Glencore AG is a company based in Switzerland, one of the world’s largest commodity traders. Yesterday it reached a settlement with the US Department of Justice (DOJ), the key points of which are:
- A three-year compliance programme of monitorship and;
- A fine of more than USD 1 Billion. ($1,186,000,000) and;
- $39.6m payment to the Brazilian Authorities and;
- Payments by Glencore Limited and Chemoil Corp of $428m and $341 respectively.
Alleged bribery in multiple countries
The DOJ looked at Glencore’s activities over a ten year period. The allegations centred on bribes allegedly paid to officials in Nigeria, the Democratic Republic of Congo and Venezuela from 2007 to 2018.
On 24 May 2022 Glencore reached these terms of settlement with US and Brazilian authorities for alleged breaches of the Foreign Corrupt Practices Act. In addition, the settlement deals with allegations of market manipulation were filed by the Commodity Futures Trading Commission.
Separately, Glencore Energy UK Ltd has indicated a guilty plea to bribery charges, seven in all, brought by the UK’s Serious Fraud Office (SFO). There are investigations ongoing in Switzerland and the Netherlands.
Finally the DOJ will appoint a compliance and monitoring officer who will monitor the company for the next three years.
All in all, a bit of a regulatory spanking. Yeah? Right. On the 15 February 2022, the Glencore group released preliminary results for 2021 of $21.3 Billion, up 84% y/y.
What can the UK director learn from all of this?
In the UK, bribery is dealt with on the criminal level by the Bribery Act 2010 (BA2010). Largely, there are offences for bribing (section 1) and being bribed (section 2). But what will worry most directors is section 7.
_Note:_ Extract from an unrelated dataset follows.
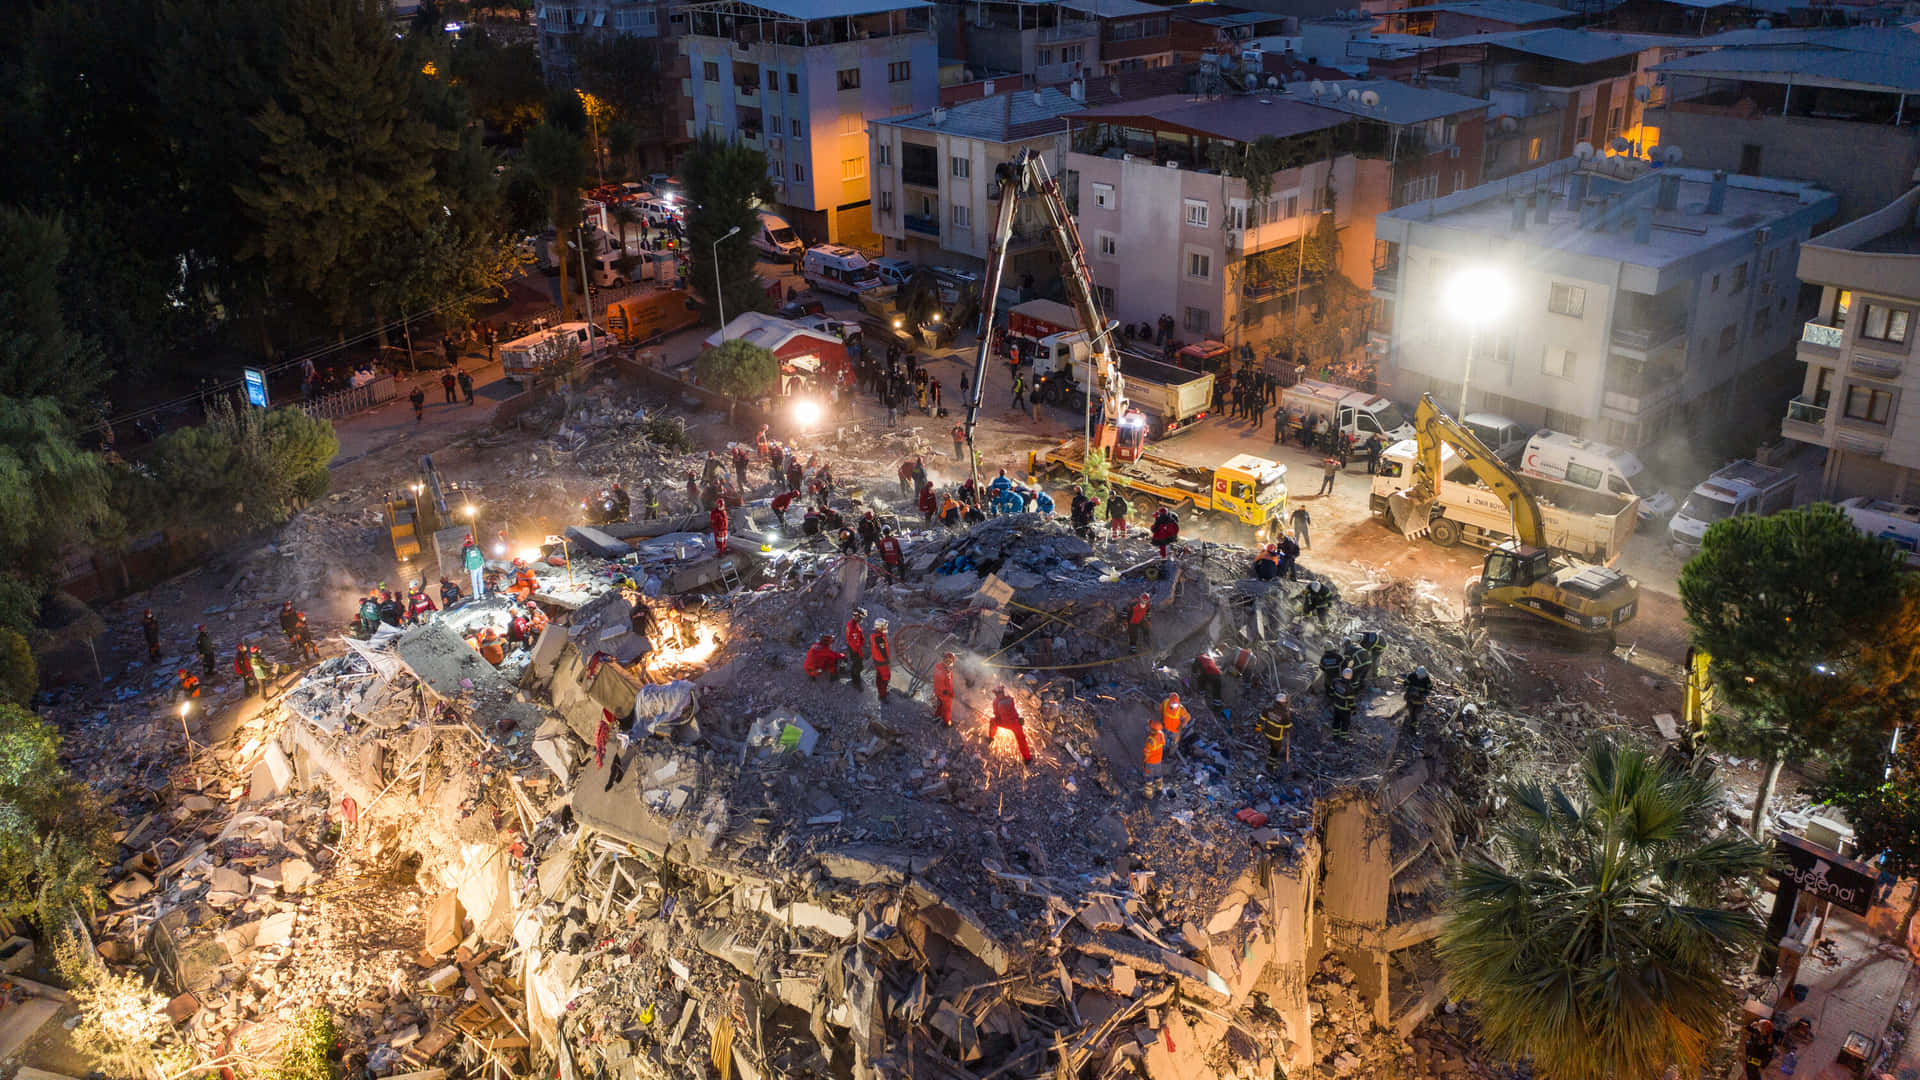 A Large Pile Of Rubble Is Seen In The Night
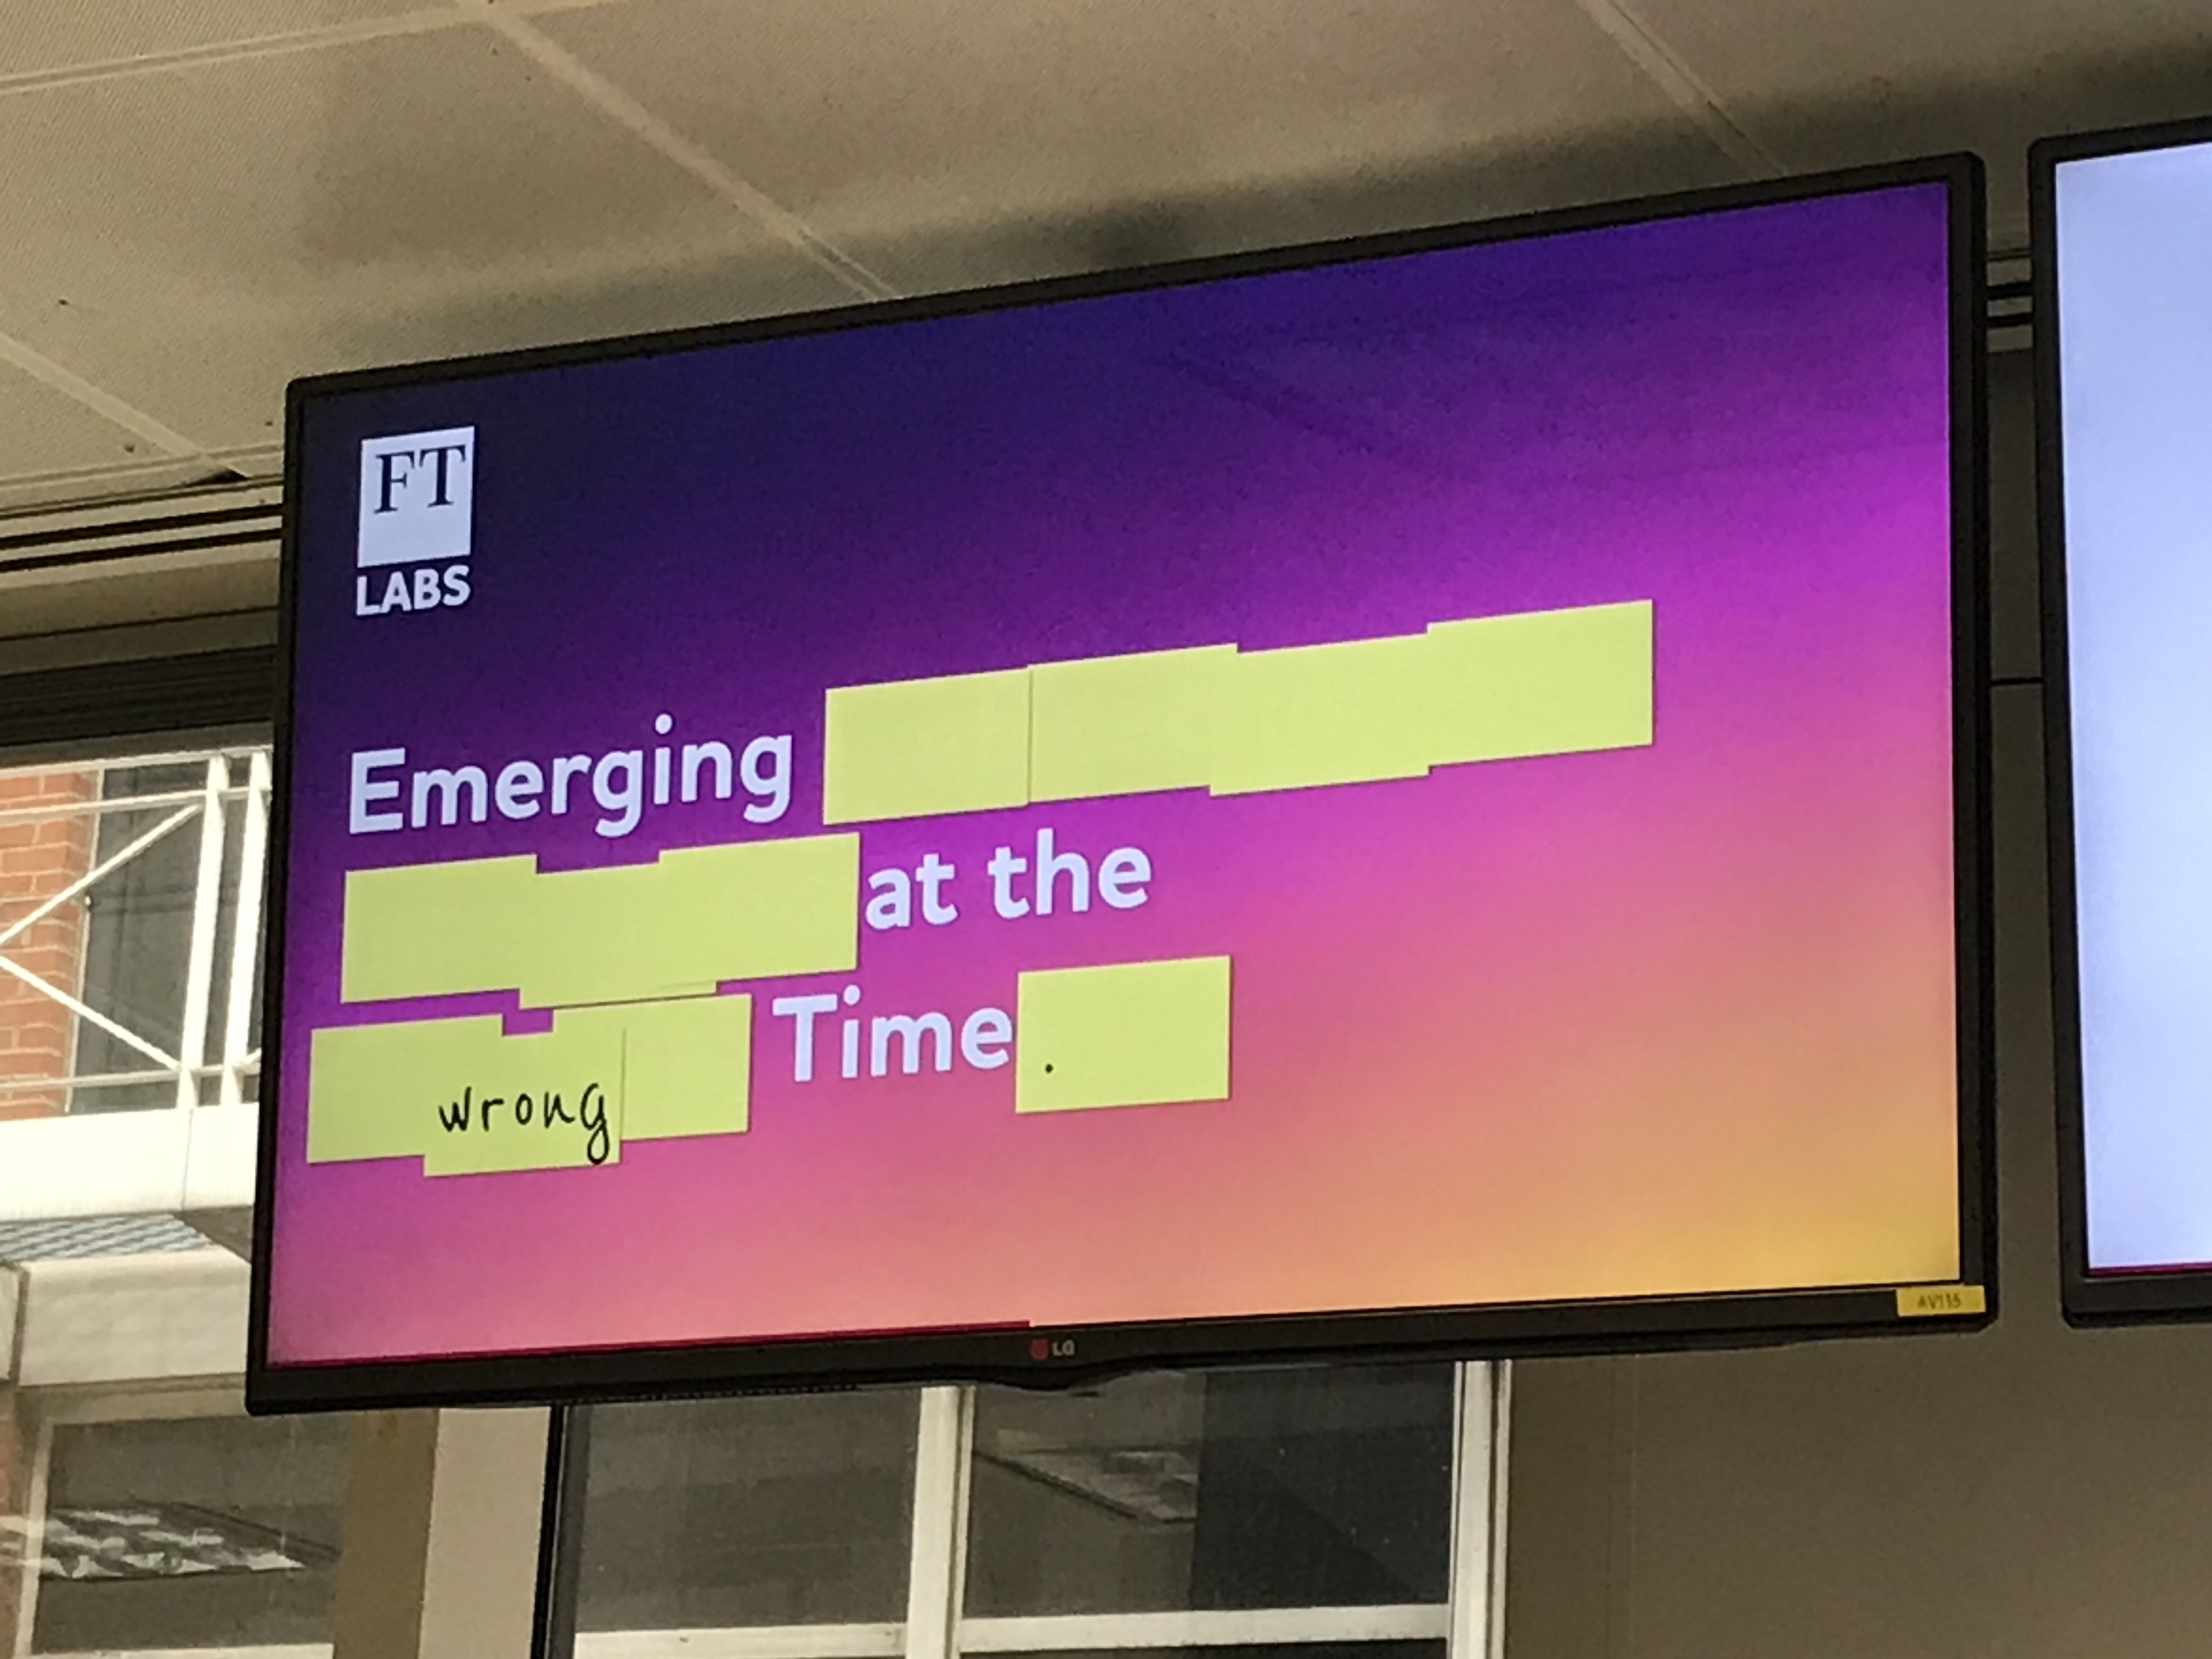 Digital poster: FT Labs, Emerging at the wrong Time.

The failure of commercial organisations to prevent bribery
A relevant commercial organisation (“C”) is guilty of an offence under this section if a person (“A”) associated with C bribes another person intending:
- to obtain or retain business for C, or
- to obtain or retain an advantage in the conduct of business for C.
However, it is a defence for C to prove that C had in place adequate procedures designed to prevent persons associated with C from undertaking such conduct.
3. For the purposes of this section, A bribes another person if, and only if, A:
- is, or would be, guilty of an offence under section 1 or 6 (whether or not A has been prosecuted for such an offence), or
- would be guilty of such an offence if section 12(2)(c) and (4) were omitted.
The Act is structured so that if someone acting on your company’s behalf bribes someone to benefit your business, then your company can be found guilty of an offence. The penalty is an unlimited fine on indictment. It matters not that the bribe was paid or received outside the UK. The Act is designed to catch that point. However, there is a defence to the Section 6 offence and that is that your organisation had in place adequate procedures to prevent it.